BadPoo | an assortment of words about beer

Archive for August 2010

Happy coincidences are one of life’s small, unappreciated pleasures, usually drowned out by people screeching about unhappy coincidences: buses coming in threes, running into an ex with a year-long grudge against you, discovering that your girlfriend is just as submissive in the bedroom as you are so your soul is crushed as you realise the rest of your sexual life story will consist of two people laid politely asking if it’s okay to timidly fondle. That kind of thing.

To counteract this wall of whinging I’ll tell you the tale of how today’s challenge came together, and it’s a tale of a happy coincidence. When we came up with the idea for this, one of my first ideas was to have a drink away from people, out of the normal settings, somewhere very much on my own.

The aim was to discover what it feels like to have a beer when you’re truly alone. Sitting in an empty bar in the afternoon is one thing, drinking at home alone is another, but being miles from the nearest human being while you have a beer? That’s something I’d never done. Visions of Ranulph Fiennes gulping down a can of Tennants at 19,000 feet flashed before my eyes. I’m sure Ellen MacArthur kept a sly quart of gin tucked away somewhere as she bounded across the Pacific. I could be next. The only problem is I only had one day to do it.

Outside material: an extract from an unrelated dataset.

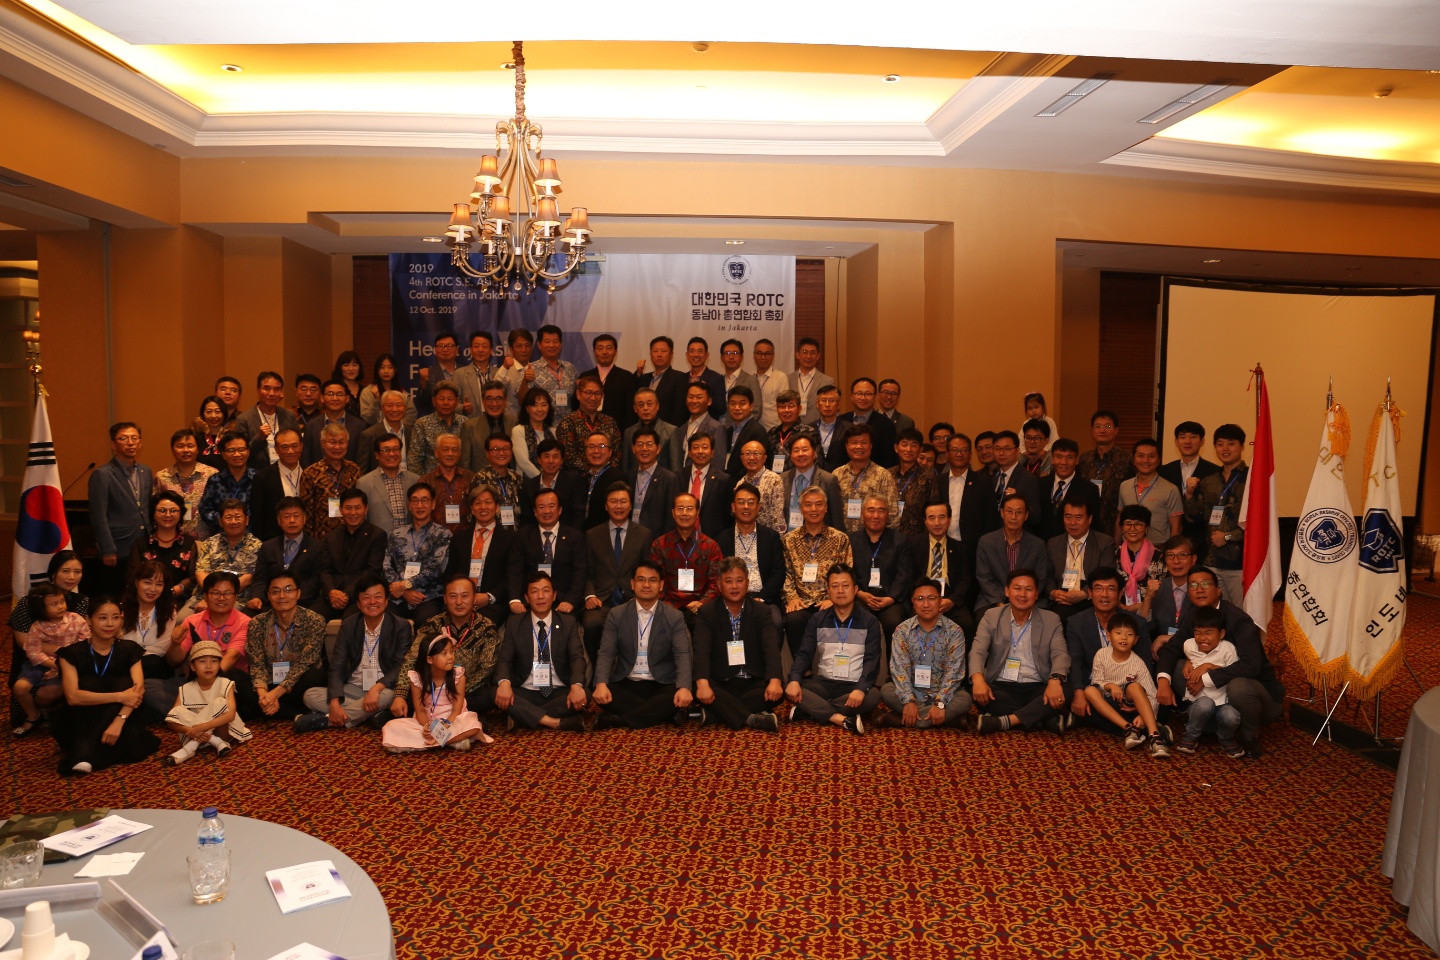 지난 10월 12일 자카르타 소재 리츠칼튼 호텔에서 개최된 ROTC 동남아 대회에 인도네시아지회 회원들을 비롯해 한국 ROTC 중앙회임원단 베트남 싱가포르 말레이시아 홍콩 지회 대표단 등 140여명이 참가했다

So how far from mankind could I get in one day? I mused over wandering up to Darwen Tower, or finding a gym in a Scottish town. Happy coincidence saved me from this choice when I realised that on the weekend we’d be starting this challenge, I’d already organised going to Sheffield and I had a day to spare in the area. You only have to go five miles out of the centre to find yourself in the Peak District. For mile upon mile, up there you’re in splendid isolation.

Whipping out the virtual map, it became clear that with a good few hours walking I could be atop a hill in the back of beyond with the only other humans in range being other idiots going to desperate lengths to drink in solitude. And so off to the shores of Redmires Reservoir I went. 13 mostly circular miles to get there, 1,073 feet in the sky, 5 pints on the way and 2 drought-stricken puddles to look at when I got there.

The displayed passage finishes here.